Keywords: Electromagnetic Tissue Properties, Electromagnetic Tissue Properties

This work presents a neural network informed fitting approach for conductivity reconstructions in MR-Electrical Properties Tomography. First, an artificial neural network is used to predict weights from T2-weighted images. These weights are used in a weighted fitting approach to calculate polynomial coefficients that parametrize the phase map. The conductivity is finally reconstructed from these coefficients. The reconstruction approach is tested on simulated data and in-vivo data and shows more accurate results than conventional fitting methods.

Introduction

In Electrical Properties Tomography, tissue conductivity (σ) is reconstructed from MRI measurements non-invasively. The conductivity can be calculated directly from the measured transceive phase using physics-based or deep learning methods1.

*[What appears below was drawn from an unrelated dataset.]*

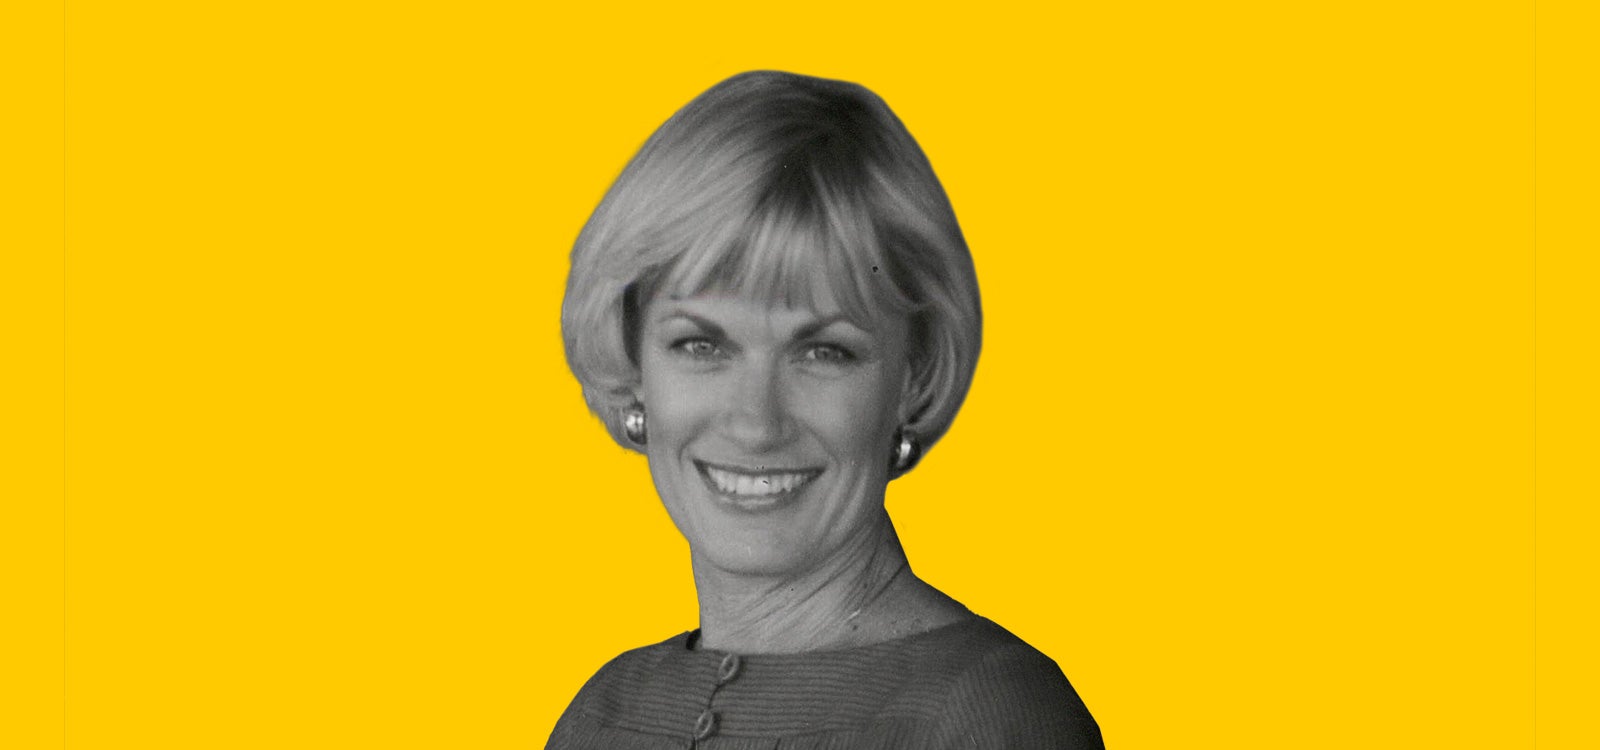 Cut-out black and white profile photo of USC athletics administrator Barbara Hedges with yellow background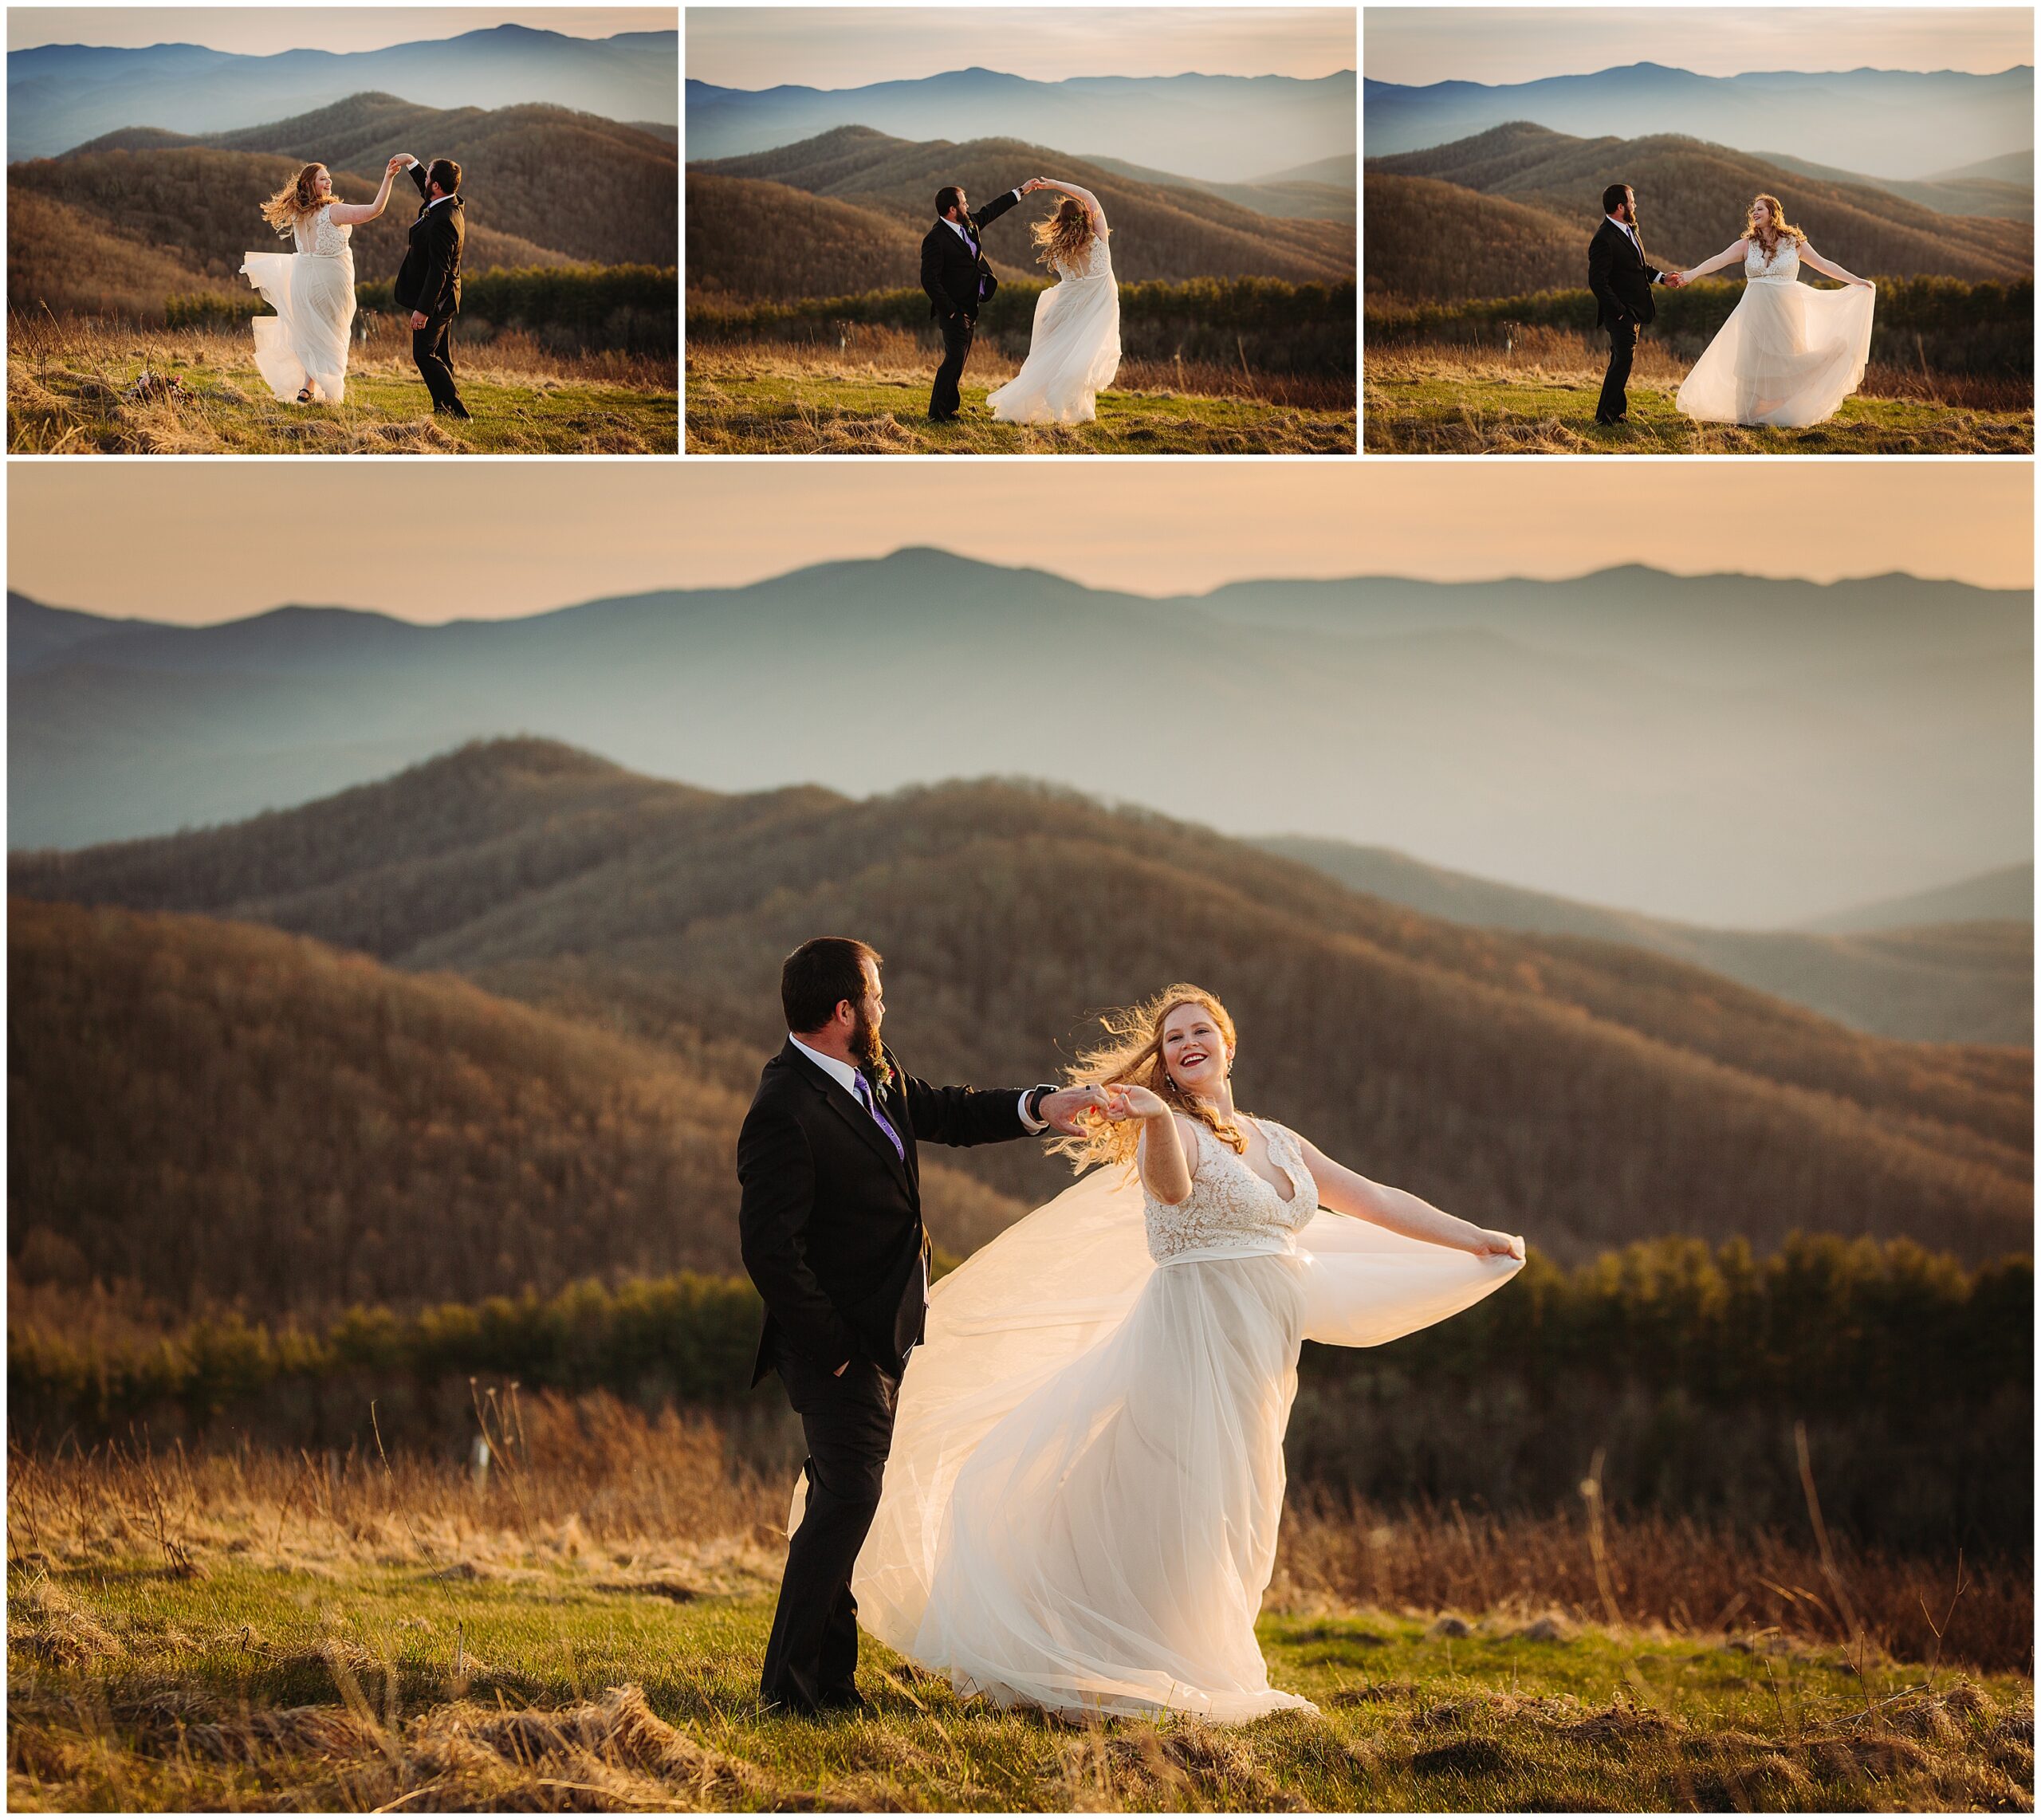 Max-Patch-Sunset-Mountain-Elopement

Physics-based approaches, based on spatial derivatives, such as Helmholtz reconstruction are very sensitive to noise and boundary artifacts2. Fitting-based methods mitigate noise and boundary artifact, but these methods require different kernel sizes and shapes to get accurate results or only work in homogeneous regions, which are usually approximated by applying MR contrast or tissue segmentation information3.

Deep learning (DL)-based methods are more robust to these problems4,5. However, they require an extensive amount of training data for proper generalization and in vivo verification is difficult6. A solution for these problems is to combine DL with physics-based methods.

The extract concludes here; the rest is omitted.